[Dataset excerpts]
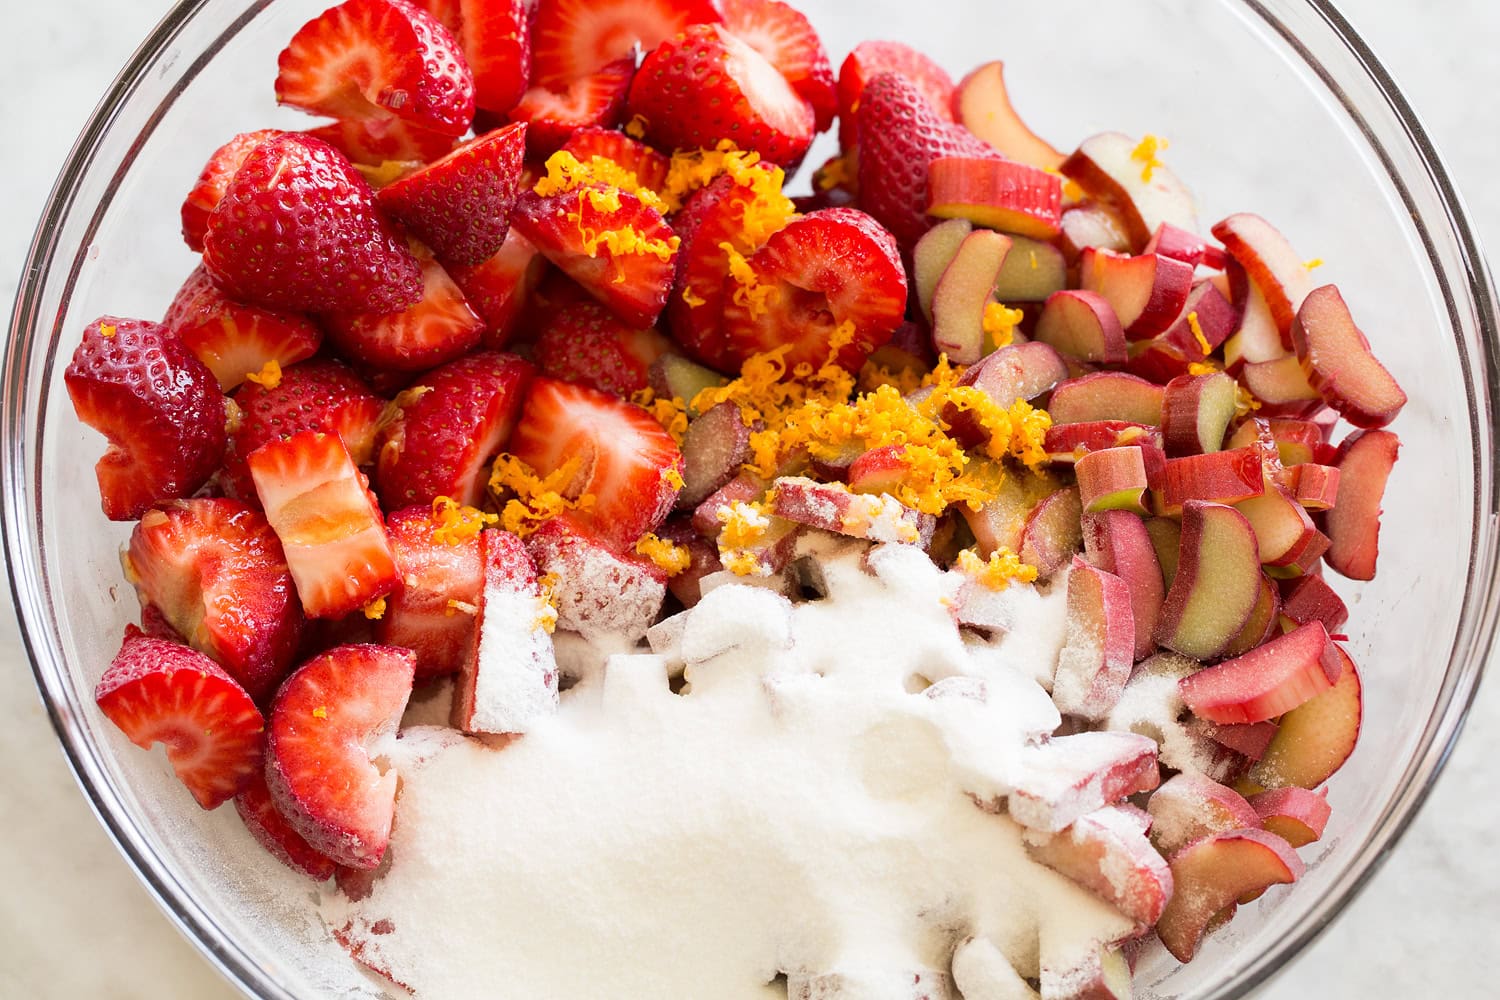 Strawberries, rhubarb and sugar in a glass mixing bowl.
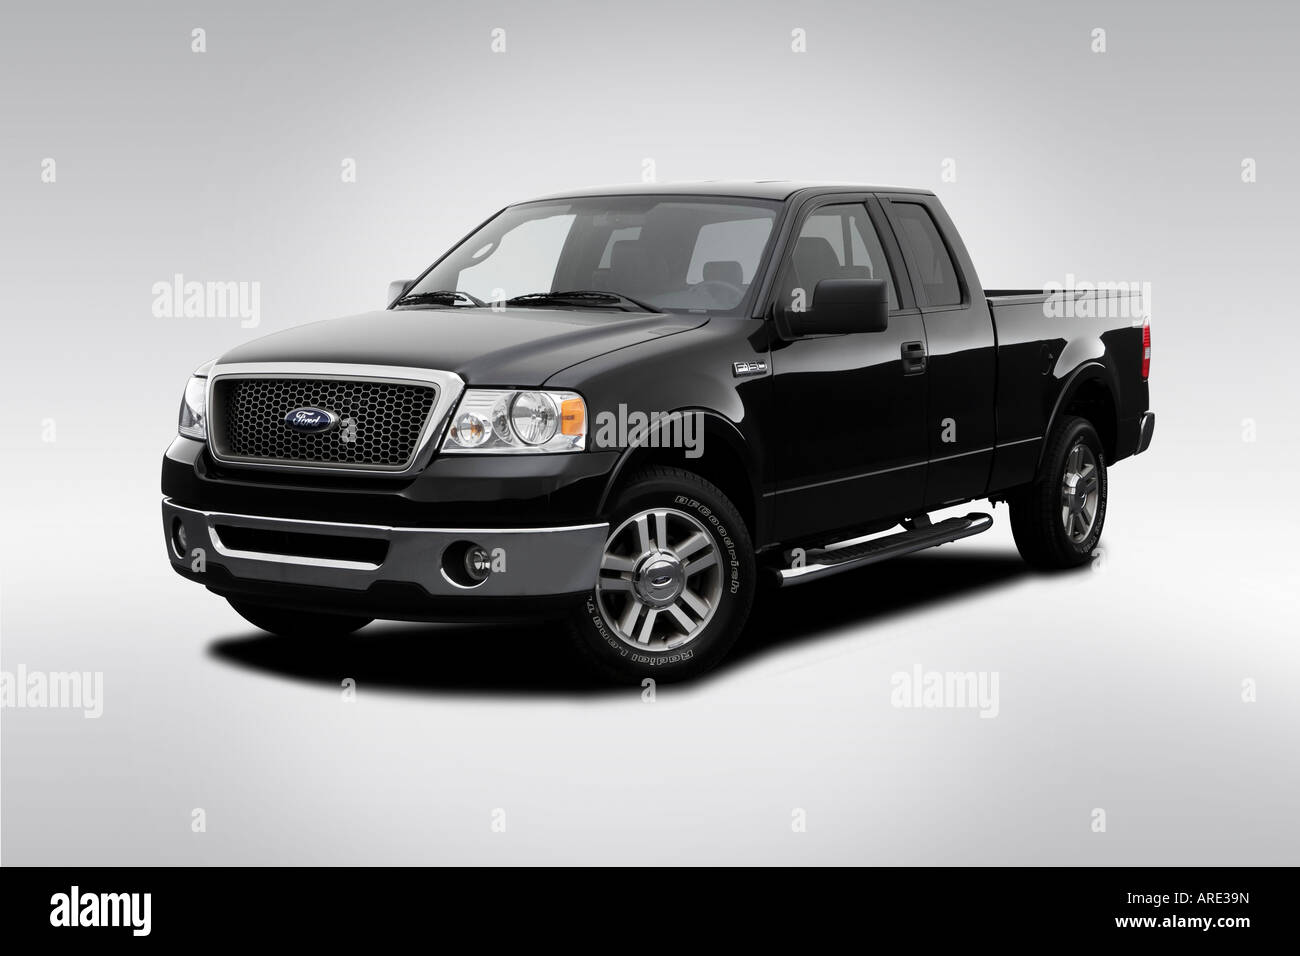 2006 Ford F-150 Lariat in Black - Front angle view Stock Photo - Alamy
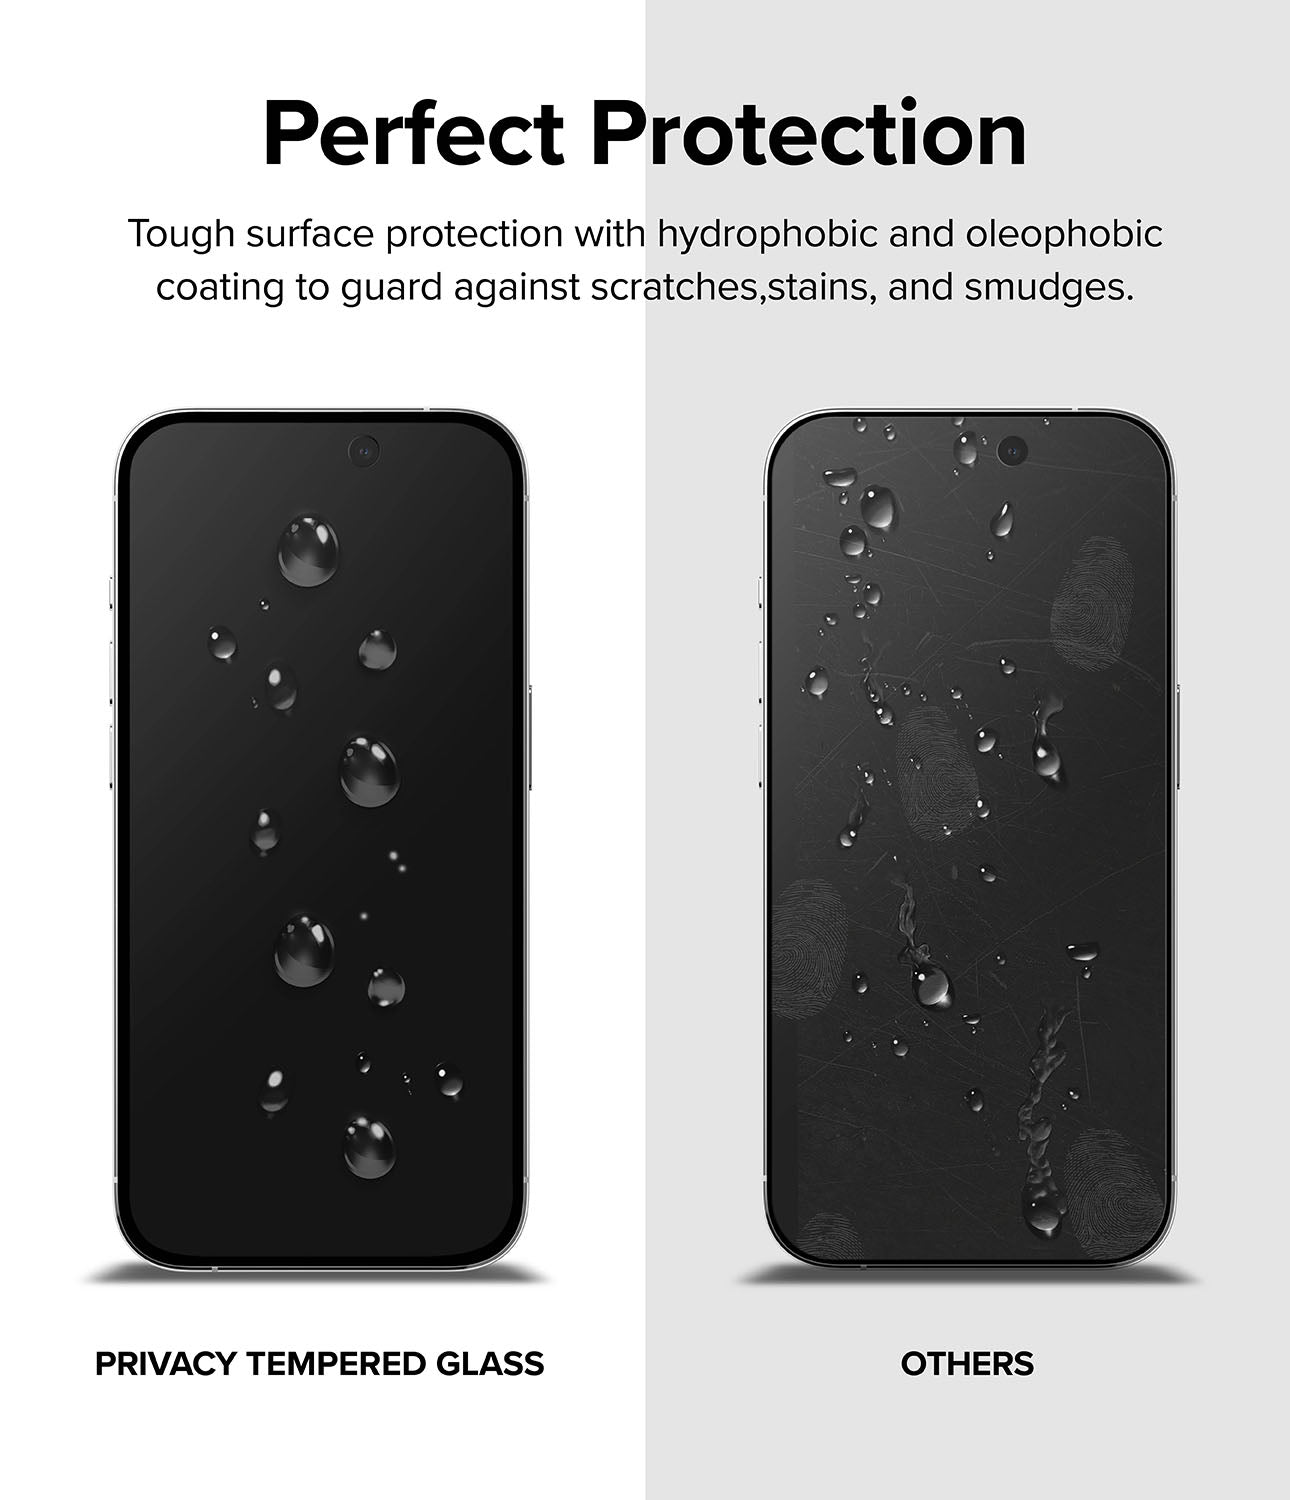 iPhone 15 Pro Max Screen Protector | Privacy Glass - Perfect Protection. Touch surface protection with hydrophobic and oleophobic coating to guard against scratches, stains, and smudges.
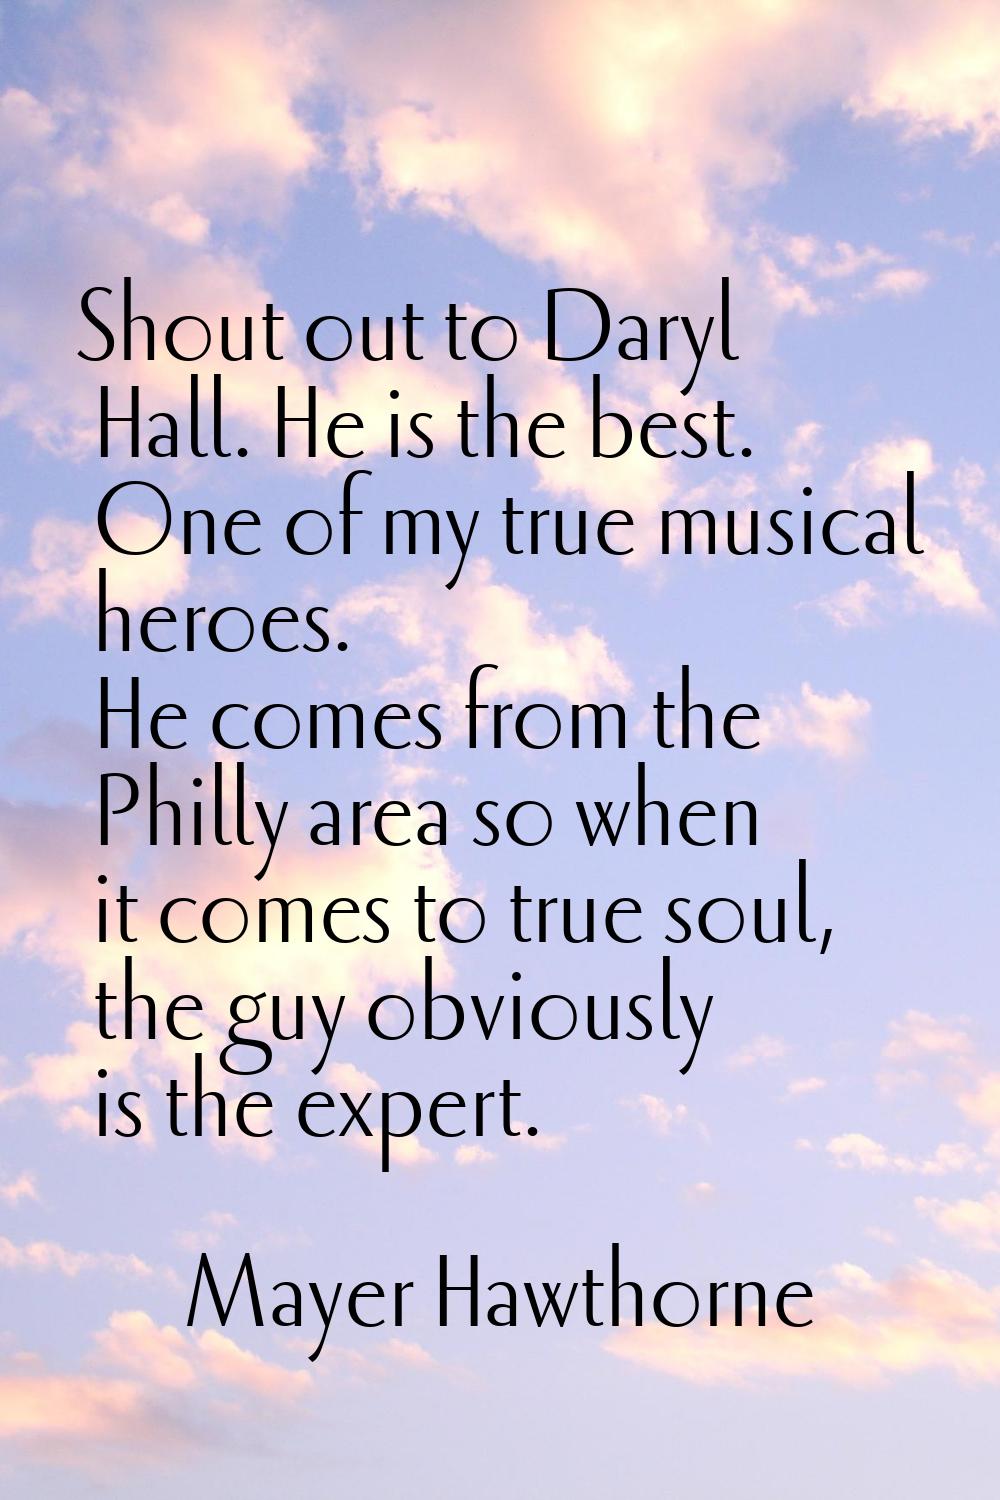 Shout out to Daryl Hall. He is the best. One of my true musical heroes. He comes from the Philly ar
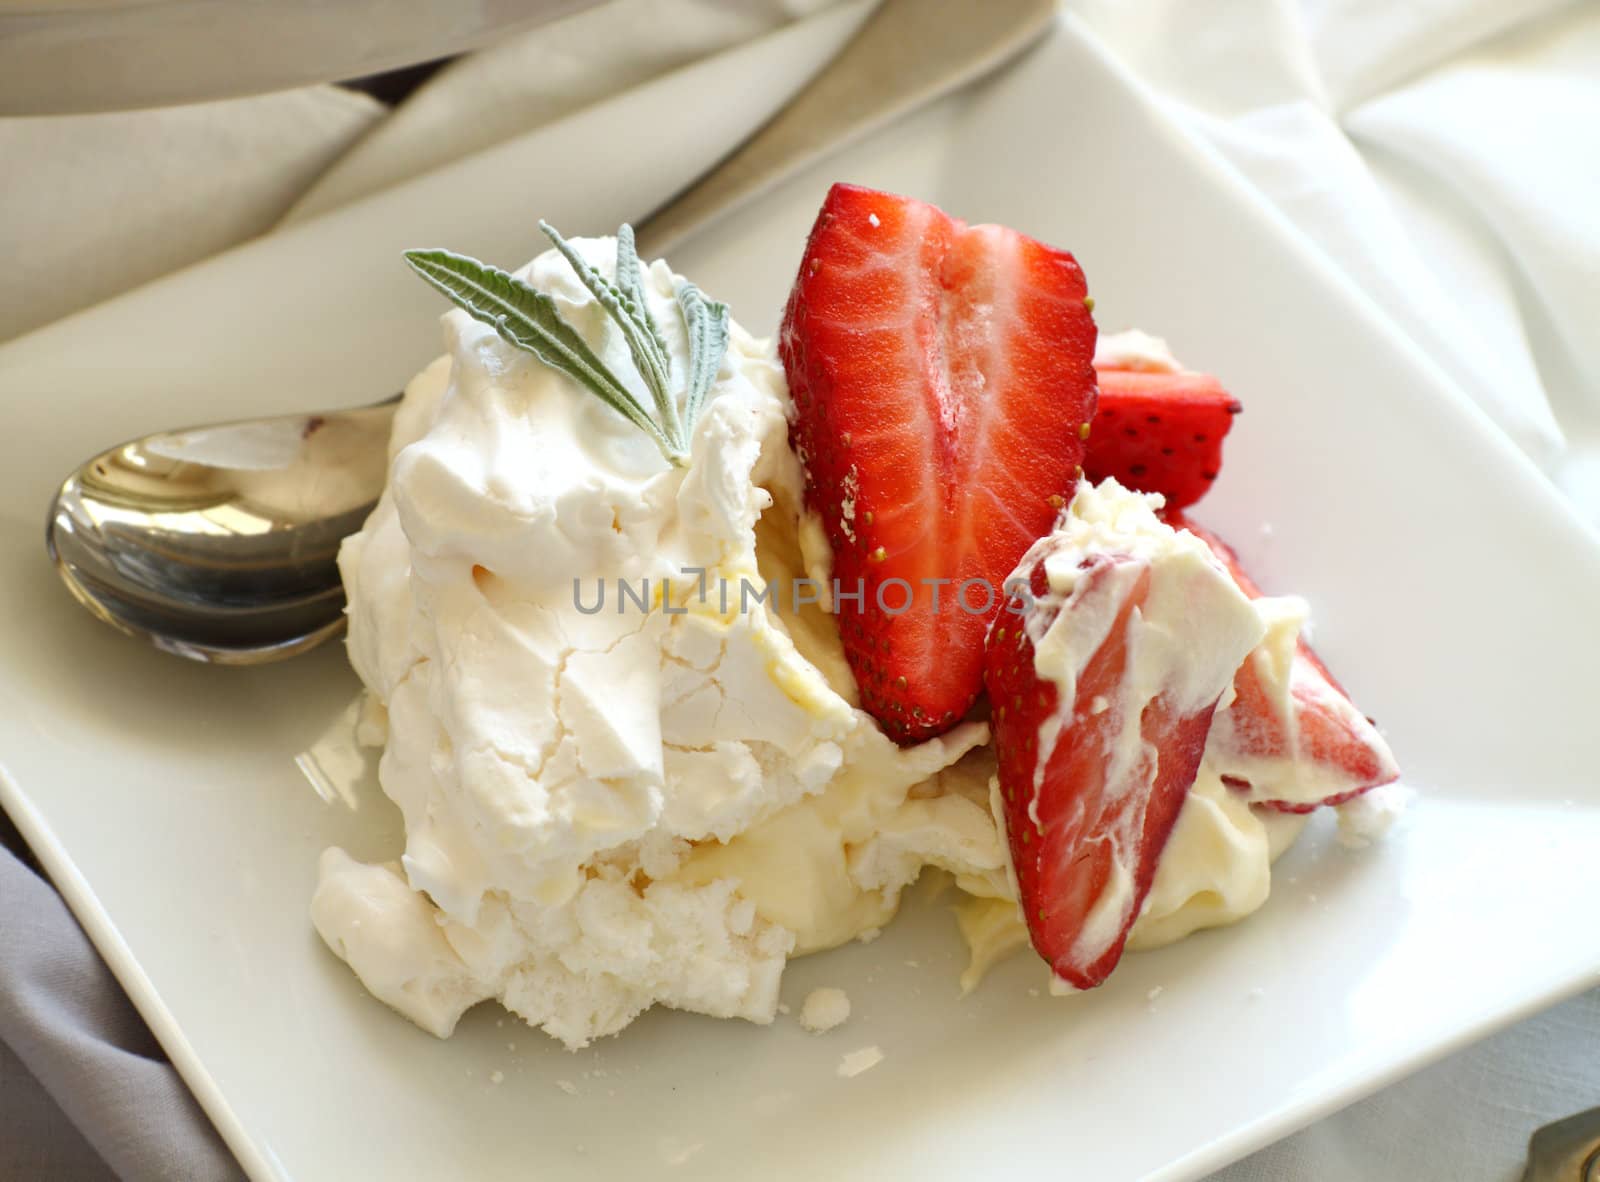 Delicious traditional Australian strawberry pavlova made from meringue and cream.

## About this exercise
The final stretch of the data, from the line with "Shout out to" through its last line, is to be retyped exactly; pictures are not part of the copy.

## Answer space
 Shout out to Daryl Hall. He is the best. One of my true musical heroes. He comes from the Philly ar
 Delicious traditional Australian strawberry pavlova made from meringue and cream.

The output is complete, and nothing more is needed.